From: Sean Christopherson <seanjc@google.com>
To: James Houghton <jthoughton@google.com>
Cc: Andrew Morton <akpm@linux-foundation.org>,
Paolo Bonzini <pbonzini@redhat.com>,
Ankit Agrawal <ankita@nvidia.com>,
Axel Rasmussen <axelrasmussen@google.com>,
Catalin Marinas <catalin.marinas@arm.com>,
David Matlack <dmatlack@google.com>,
David Rientjes <rientjes@google.com>,
James Morse <james.morse@arm.com>,
Jason Gunthorpe <jgg@ziepe.ca>, Jonathan Corbet <corbet@lwn.net>,
Marc Zyngier <maz@kernel.org>,
Oliver Upton <oliver.upton@linux.dev>,
Raghavendra Rao Ananta <rananta@google.com>,
Ryan Roberts <ryan.roberts@arm.com>,
Shaoqin Huang <shahuang@redhat.com>,
Suzuki K Poulose <suzuki.poulose@arm.com>,
Wei Xu <weixugc@google.com>, Will Deacon <will@kernel.org>,
Yu Zhao <yuzhao@google.com>, Zenghui Yu <yuzenghui@huawei.com>,
kvmarm@lists.linux.dev, kvm@vger.kernel.org,
linux-arm-kernel@lists.infradead.org, linux-doc@vger.kernel.org,
linux-kernel@vger.kernel.org, linux-mm@kvack.org
Subject: Re: [PATCH v6 02/11] KVM: x86: Relax locking for kvm_test_age_gfn and kvm_age_gfn
Date: Fri, 16 Aug 2024 18:05:26 -0700 [thread overview]

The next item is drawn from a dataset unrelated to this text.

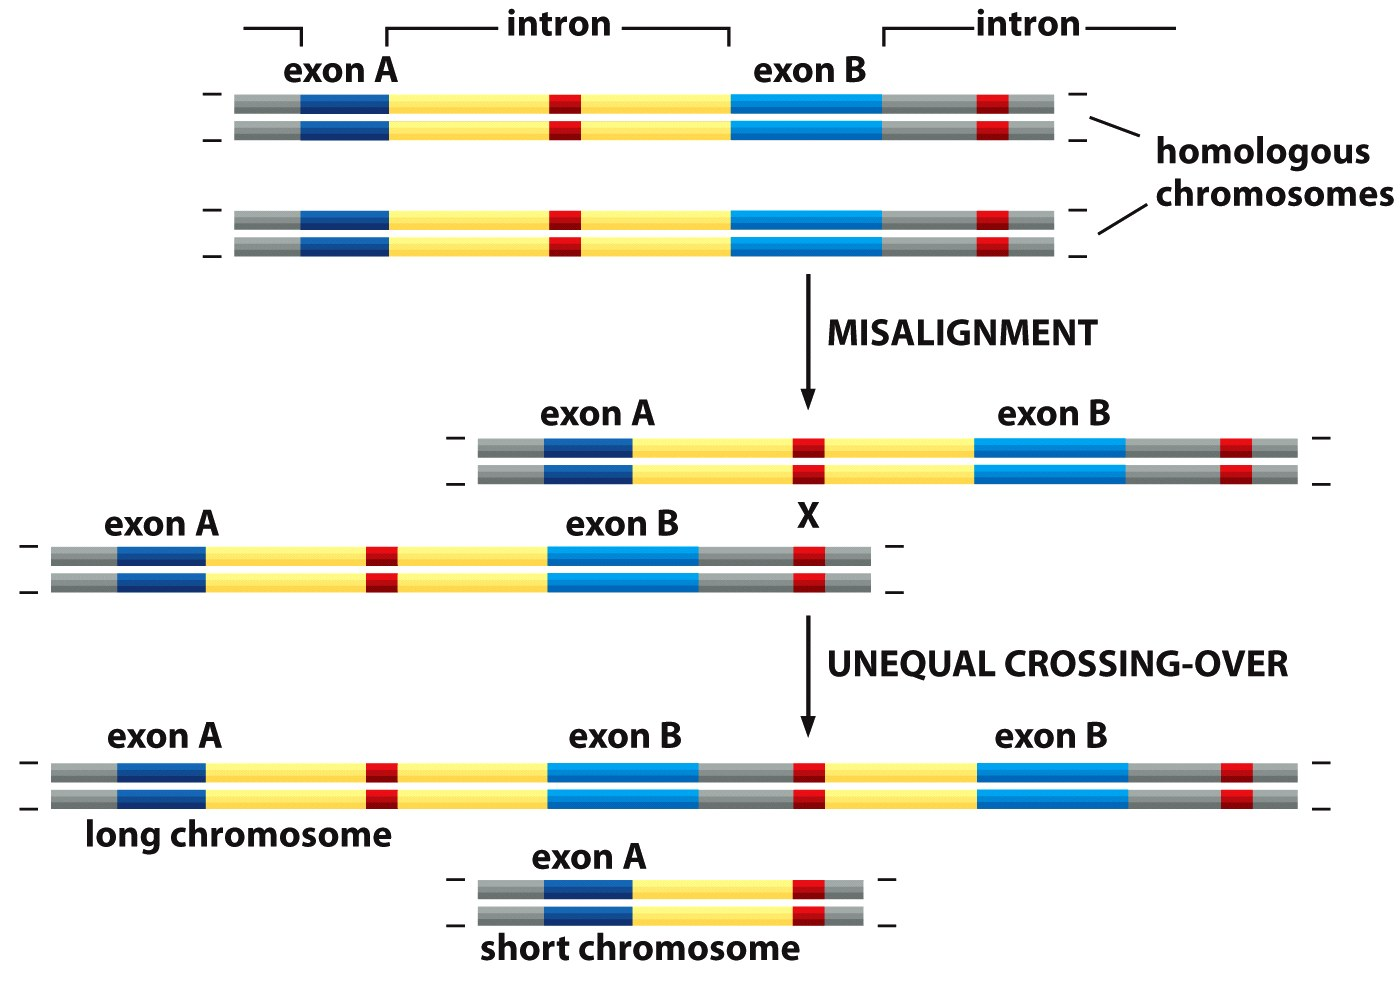 Le duplicazioni e rimescolamento degli esoni L organizzazione modulare dei geni in esoni e introni permeme facilmente la
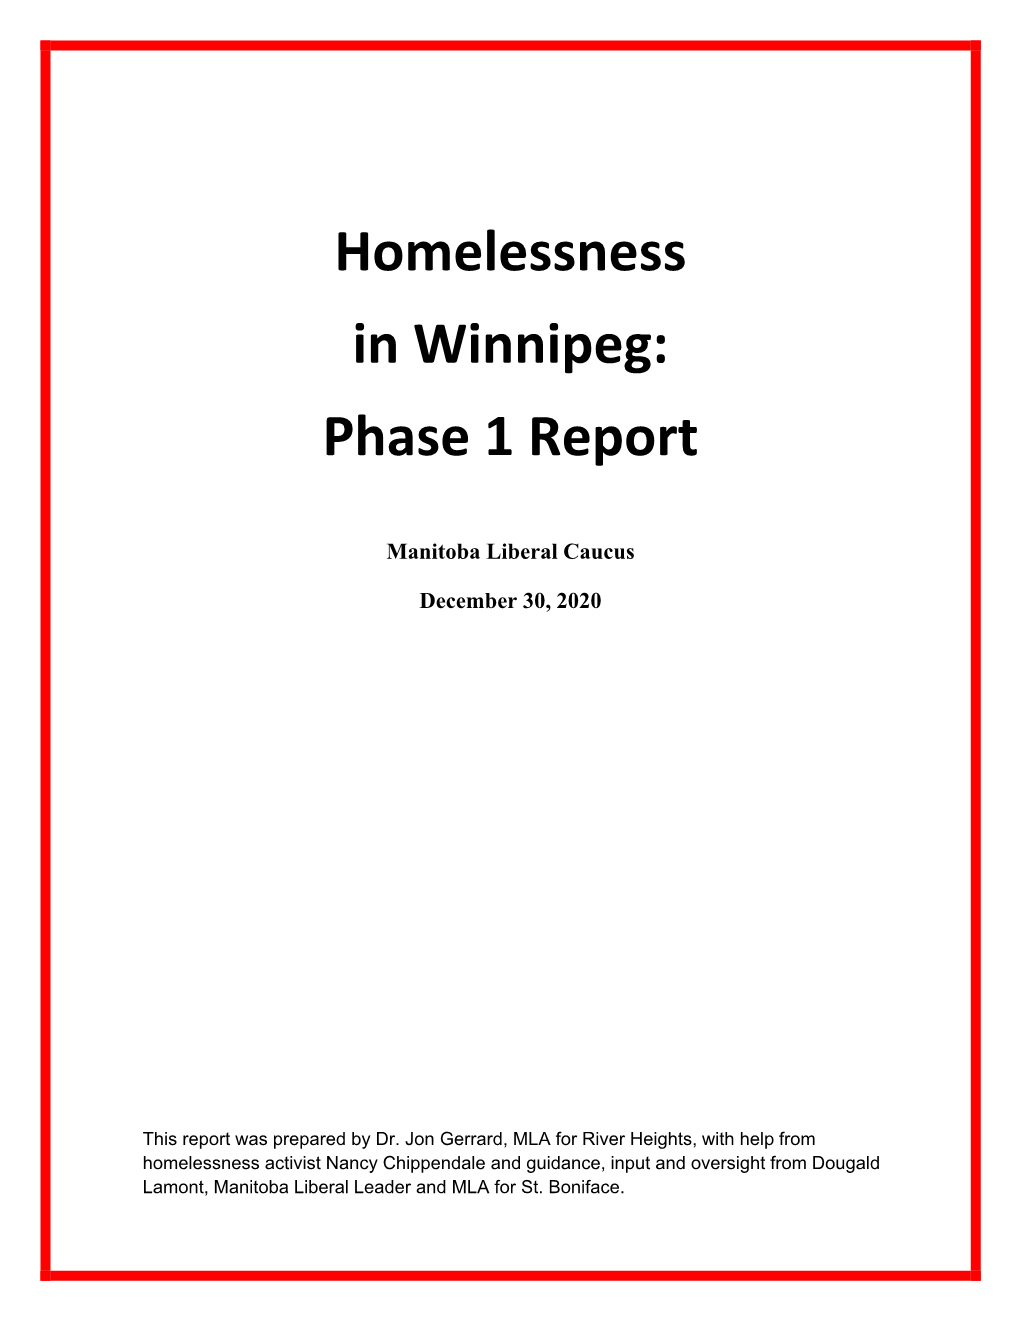 Homelessness in Winnipeg: Phase 1 Report

Message-ID: <Zr_3Vohvzt0KmFiN@google.com> (raw)
In-Reply-To: <20240724011037.3671523-3-jthoughton@google.com>
On Wed, Jul 24, 2024, James Houghton wrote:
> Walk the TDP MMU in an RCU read-side critical section.

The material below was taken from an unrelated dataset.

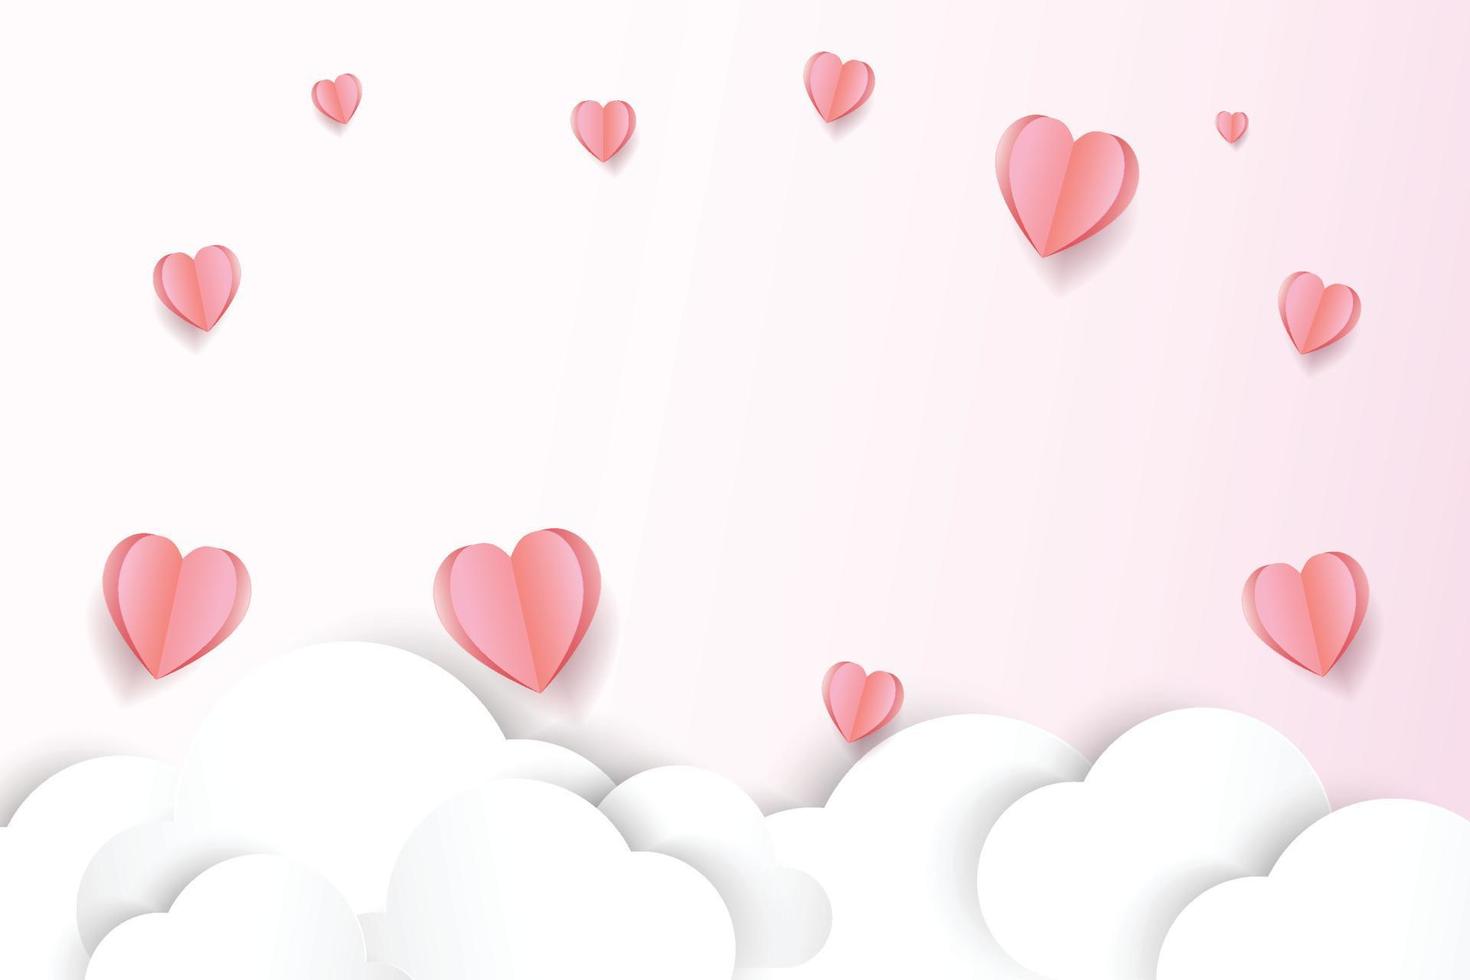 Papierschnitt Hintergrund rosa Herzform, Illustration für Valentinstag, Muttertag oder Liebestag, Vektor-Grußkarte. vektor

...without holding mmu_lock, while doing xxx. There are a lot of TDP MMU walks,
pand they all need RCU protection.
> This requires a way to do RCU-safe walking of the tdp_mmu_roots; do this with
> a new macro. The PTE modifications are now done atomically, and
> kvm_tdp_mmu_spte_need_atomic_write() has been updated to account for the fact
> that kvm_age_gfn can now lockless update the accessed bit and the R/X bits).
>
> If the cmpxchg for marking the spte for access tracking fails, we simply
> retry if the spte is still a leaf PTE. If it isn't, we return false
> to continue the walk.
Please avoid pronouns. E.g. s/we/KVM (and adjust grammar as needed), so that
it's clear what actor in particular is doing the retry.

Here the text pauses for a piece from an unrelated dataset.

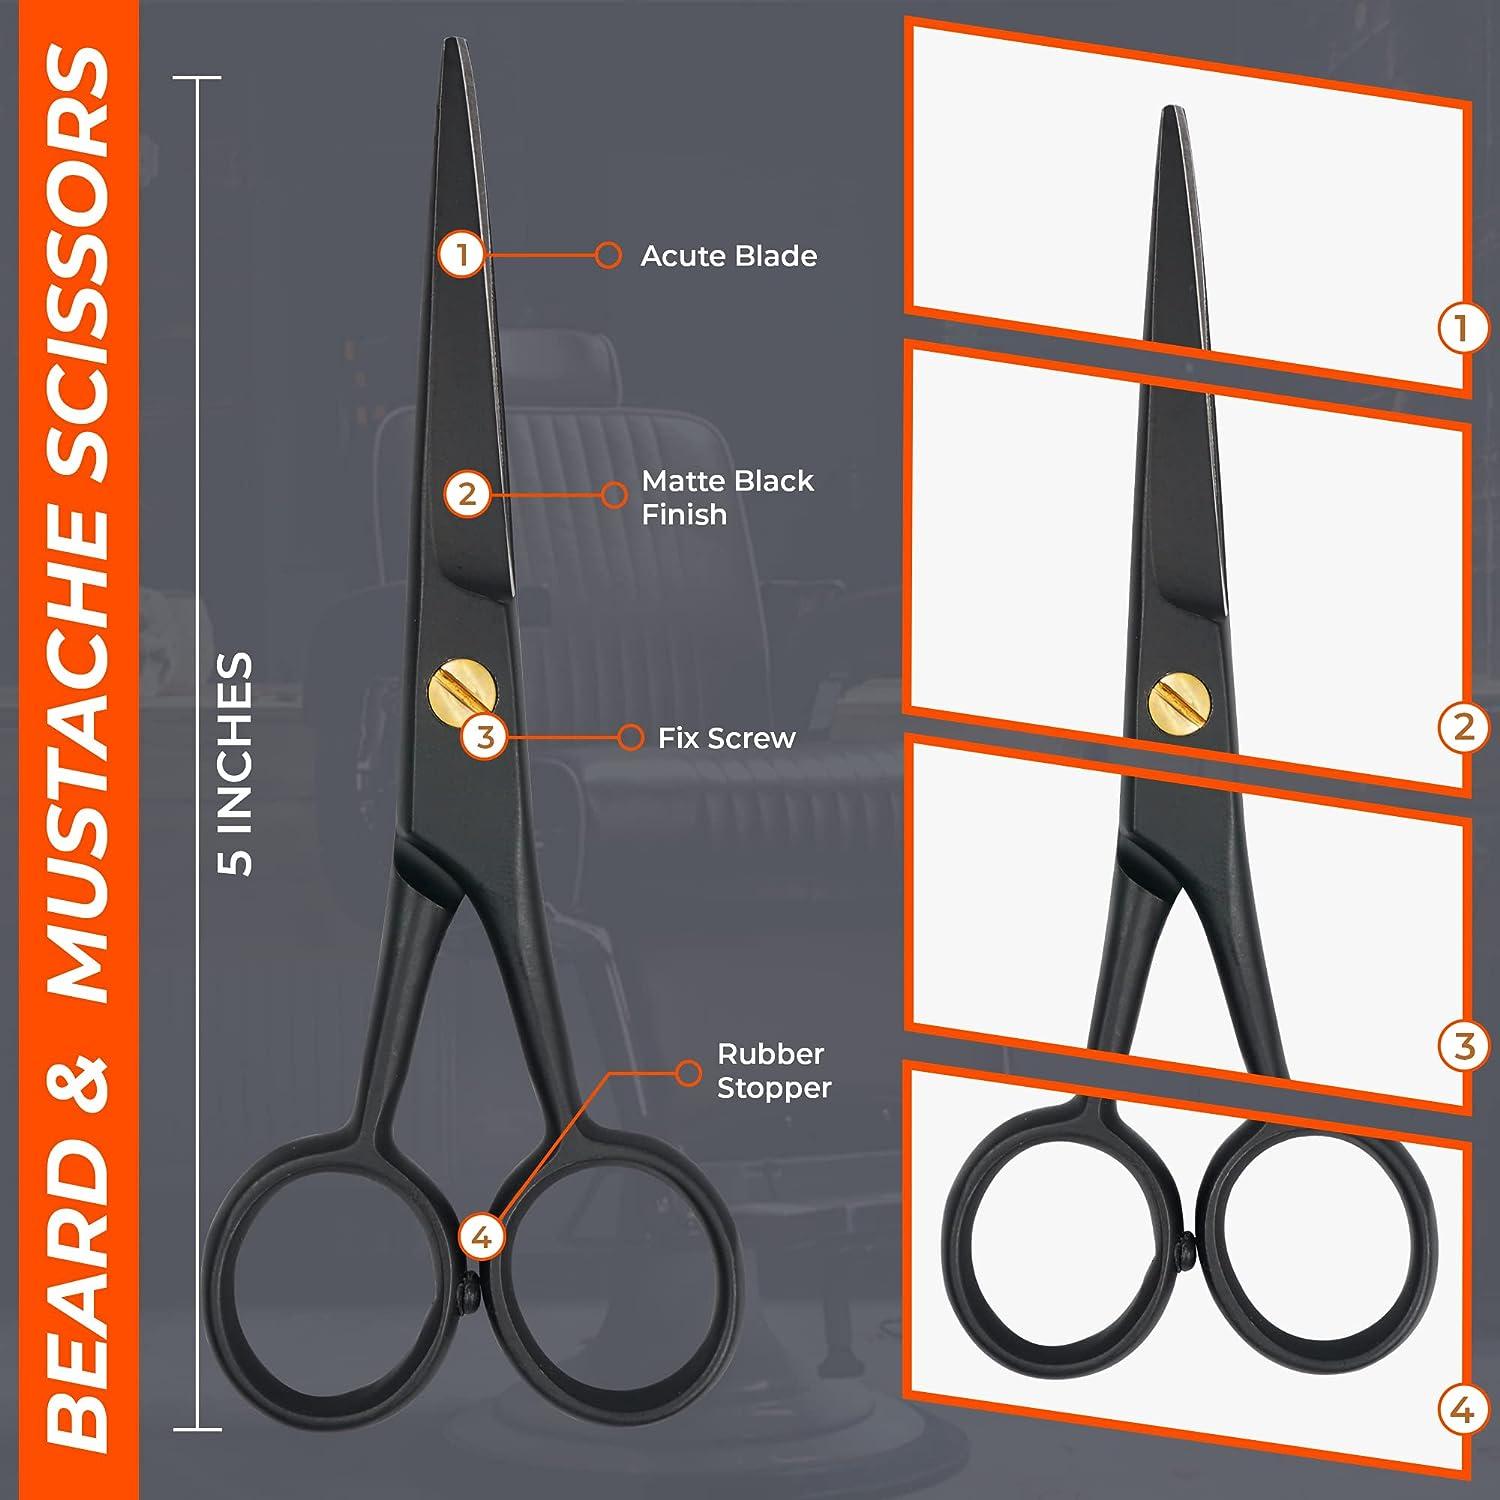 Adoro Tools 1096/05 Mustache Scissors & Comb Set (12pc bulk

> Harvesting age information from the shadow MMU is still done while
> holding the MMU write lock.
>
> Suggested-by: Yu Zhao <yuzhao@google.com>
> Signed-off-by: James Houghton <jthoughton@google.com>
> ---
> arch/x86/include/asm/kvm_host.h | 1 +
> arch/x86/kvm/Kconfig | 1 +
> arch/x86/kvm/mmu/mmu.c | 10 ++++-
> arch/x86/kvm/mmu/tdp_iter.h | 27 +++++++------
> arch/x86/kvm/mmu/tdp_mmu.c | 67 +++++++++++++++++++++++++--------
> 5 files changed, 77 insertions(+), 29 deletions(-)
>
> diff --git a/arch/x86/include/asm/kvm_host.h b/arch/x86/include/asm/kvm_host.h
> index 950a03e0181e..096988262005 100644
> --- a/arch/x86/include/asm/kvm_host.h
> +++ b/arch/x86/include/asm/kvm_host.h
> @@ -1456,6 +1456,7 @@ struct kvm_arch {
> * tdp_mmu_page set.
> *
> * For reads, this list is protected by:
> + * RCU alone or
> * the MMU lock in read mode + RCU or
> * the MMU lock in write mode
> *
> diff --git a/arch/x86/kvm/Kconfig b/arch/x86/kvm/Kconfig
> index 4287a8071a3a..6ac43074c5e9 100644
> --- a/arch/x86/kvm/Kconfig
> +++ b/arch/x86/kvm/Kconfig
> @@ -23,6 +23,7 @@ config KVM
> depends on X86_LOCAL_APIC
> select KVM_COMMON
> select KVM_GENERIC_MMU_NOTIFIER
> + select KVM_MMU_NOTIFIER_YOUNG_LOCKLESS
> select HAVE_KVM_IRQCHIP
> select HAVE_KVM_PFNCACHE
> select HAVE_KVM_DIRTY_RING_TSO
> diff --git a/arch/x86/kvm/mmu/mmu.c b/arch/x86/kvm/mmu/mmu.c
> index 901be9e420a4..7b93ce8f0680 100644
> --- a/arch/x86/kvm/mmu/mmu.c
> +++ b/arch/x86/kvm/mmu/mmu.c
> @@ -1633,8 +1633,11 @@ bool kvm_age_gfn(struct kvm *kvm, struct kvm_gfn_range *range)
> {
> bool young = false;
>
> - if (kvm_memslots_have_rmaps(kvm))
> + if (kvm_memslots_have_rmaps(kvm)) {
> + write_lock(&kvm->mmu_lock);
> young = kvm_handle_gfn_range(kvm, range, kvm_age_rmap);
> + write_unlock(&kvm->mmu_lock);
> + }
>
> if (tdp_mmu_enabled)
> young |= kvm_tdp_mmu_age_gfn_range(kvm, range);
> @@ -1646,8 +1649,11 @@ bool kvm_test_age_gfn(struct kvm *kvm, struct kvm_gfn_range *range)
> {
> bool young = false;
>
> - if (kvm_memslots_have_rmaps(kvm))
> + if (kvm_memslots_have_rmaps(kvm)) {
> + write_lock(&kvm->mmu_lock);
> young = kvm_handle_gfn_range(kvm, range, kvm_test_age_rmap);
> + write_unlock(&kvm->mmu_lock);
> + }
>
> if (tdp_mmu_enabled)
> young |= kvm_tdp_mmu_test_age_gfn(kvm, range);
> diff --git a/arch/x86/kvm/mmu/tdp_iter.h b/arch/x86/kvm/mmu/tdp_iter.h
> index 2880fd392e0c..510936a8455a 100644
> --- a/arch/x86/kvm/mmu/tdp_iter.h
> +++ b/arch/x86/kvm/mmu/tdp_iter.h
> @@ -25,6 +25,13 @@ static inline u64 kvm_tdp_mmu_write_spte_atomic(tdp_ptep_t sptep, u64 new_spte)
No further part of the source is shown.